Given data →

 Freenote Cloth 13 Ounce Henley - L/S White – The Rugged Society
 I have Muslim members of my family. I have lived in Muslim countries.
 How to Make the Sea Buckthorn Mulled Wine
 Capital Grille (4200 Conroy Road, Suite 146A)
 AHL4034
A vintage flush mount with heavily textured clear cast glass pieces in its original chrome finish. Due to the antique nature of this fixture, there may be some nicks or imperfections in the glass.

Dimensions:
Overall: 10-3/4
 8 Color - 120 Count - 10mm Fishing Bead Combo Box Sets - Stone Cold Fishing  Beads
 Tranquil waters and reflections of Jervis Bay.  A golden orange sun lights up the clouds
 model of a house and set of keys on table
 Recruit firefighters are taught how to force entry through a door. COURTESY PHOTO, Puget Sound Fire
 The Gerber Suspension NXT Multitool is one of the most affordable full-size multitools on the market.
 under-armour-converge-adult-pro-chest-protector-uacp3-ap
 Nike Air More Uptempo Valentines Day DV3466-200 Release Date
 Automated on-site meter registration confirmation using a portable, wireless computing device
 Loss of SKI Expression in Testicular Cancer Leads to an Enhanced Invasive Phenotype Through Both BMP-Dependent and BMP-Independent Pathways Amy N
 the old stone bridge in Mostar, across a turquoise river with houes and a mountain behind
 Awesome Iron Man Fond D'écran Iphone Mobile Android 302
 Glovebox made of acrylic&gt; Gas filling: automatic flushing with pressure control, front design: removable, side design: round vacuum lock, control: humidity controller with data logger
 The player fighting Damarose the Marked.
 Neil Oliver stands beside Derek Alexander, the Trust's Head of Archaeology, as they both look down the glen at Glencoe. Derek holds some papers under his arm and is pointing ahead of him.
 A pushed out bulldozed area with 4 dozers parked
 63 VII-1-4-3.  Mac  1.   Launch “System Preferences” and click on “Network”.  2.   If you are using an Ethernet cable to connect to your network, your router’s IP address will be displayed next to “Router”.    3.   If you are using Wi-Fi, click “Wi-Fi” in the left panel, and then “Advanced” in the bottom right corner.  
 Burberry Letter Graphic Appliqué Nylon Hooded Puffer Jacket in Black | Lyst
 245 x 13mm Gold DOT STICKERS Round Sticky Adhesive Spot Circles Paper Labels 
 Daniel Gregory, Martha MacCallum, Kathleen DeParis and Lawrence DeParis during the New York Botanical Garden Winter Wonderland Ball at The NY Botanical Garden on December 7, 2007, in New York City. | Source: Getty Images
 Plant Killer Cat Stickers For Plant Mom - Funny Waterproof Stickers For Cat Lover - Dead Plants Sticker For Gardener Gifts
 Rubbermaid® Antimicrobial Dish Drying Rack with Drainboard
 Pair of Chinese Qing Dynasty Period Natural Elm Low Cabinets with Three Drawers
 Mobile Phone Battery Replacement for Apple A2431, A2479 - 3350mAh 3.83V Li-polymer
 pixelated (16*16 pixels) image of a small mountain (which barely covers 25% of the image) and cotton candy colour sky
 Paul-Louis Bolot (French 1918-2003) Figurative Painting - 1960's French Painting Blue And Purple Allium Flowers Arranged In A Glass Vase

Task instructions → Beginning with the first line and ending with the last, restate the data word for word.

Problem solution →
 Freenote Cloth 13 Ounce Henley - L/S White – The Rugged Society
 I have Muslim members of my family. I have lived in Muslim countries.
 How to Make the Sea Buckthorn Mulled Wine
 Capital Grille (4200 Conroy Road, Suite 146A)
 AHL4034
A vintage flush mount with heavily textured clear cast glass pieces in its original chrome finish. Due to the antique nature of this fixture, there may be some nicks or imperfections in the glass.

Dimensions:
Overall: 10-3/4
 8 Color - 120 Count - 10mm Fishing Bead Combo Box Sets - Stone Cold Fishing  Beads
 Tranquil waters and reflections of Jervis Bay.  A golden orange sun lights up the clouds
 model of a house and set of keys on table
 Recruit firefighters are taught how to force entry through a door. COURTESY PHOTO, Puget Sound Fire
 The Gerber Suspension NXT Multitool is one of the most affordable full-size multitools on the market.
 under-armour-converge-adult-pro-chest-protector-uacp3-ap
 Nike Air More Uptempo Valentines Day DV3466-200 Release Date
 Automated on-site meter registration confirmation using a portable, wireless computing device
 Loss of SKI Expression in Testicular Cancer Leads to an Enhanced Invasive Phenotype Through Both BMP-Dependent and BMP-Independent Pathways Amy N
 the old stone bridge in Mostar, across a turquoise river with houes and a mountain behind
 Awesome Iron Man Fond D'écran Iphone Mobile Android 302
 Glovebox made of acrylic&gt; Gas filling: automatic flushing with pressure control, front design: removable, side design: round vacuum lock, control: humidity controller with data logger
 The player fighting Damarose the Marked.
 Neil Oliver stands beside Derek Alexander, the Trust's Head of Archaeology, as they both look down the glen at Glencoe. Derek holds some papers under his arm and is pointing ahead of him.
 A pushed out bulldozed area with 4 dozers parked
 63 VII-1-4-3.  Mac  1.   Launch “System Preferences” and click on “Network”.  2.   If you are using an Ethernet cable to connect to your network, your router’s IP address will be displayed next to “Router”.    3.   If you are using Wi-Fi, click “Wi-Fi” in the left panel, and then “Advanced” in the bottom right corner.  
 Burberry Letter Graphic Appliqué Nylon Hooded Puffer Jacket in Black | Lyst
 245 x 13mm Gold DOT STICKERS Round Sticky Adhesive Spot Circles Paper Labels 
 Daniel Gregory, Martha MacCallum, Kathleen DeParis and Lawrence DeParis during the New York Botanical Garden Winter Wonderland Ball at The NY Botanical Garden on December 7, 2007, in New York City. | Source: Getty Images
 Plant Killer Cat Stickers For Plant Mom - Funny Waterproof Stickers For Cat Lover - Dead Plants Sticker For Gardener Gifts
 Rubbermaid® Antimicrobial Dish Drying Rack with Drainboard
 Pair of Chinese Qing Dynasty Period Natural Elm Low Cabinets with Three Drawers
 Mobile Phone Battery Replacement for Apple A2431, A2479 - 3350mAh 3.83V Li-polymer
 pixelated (16*16 pixels) image of a small mountain (which barely covers 25% of the image) and cotton candy colour sky
 Paul-Louis Bolot (French 1918-2003) Figurative Painting - 1960's French Painting Blue And Purple Allium Flowers Arranged In A Glass Vase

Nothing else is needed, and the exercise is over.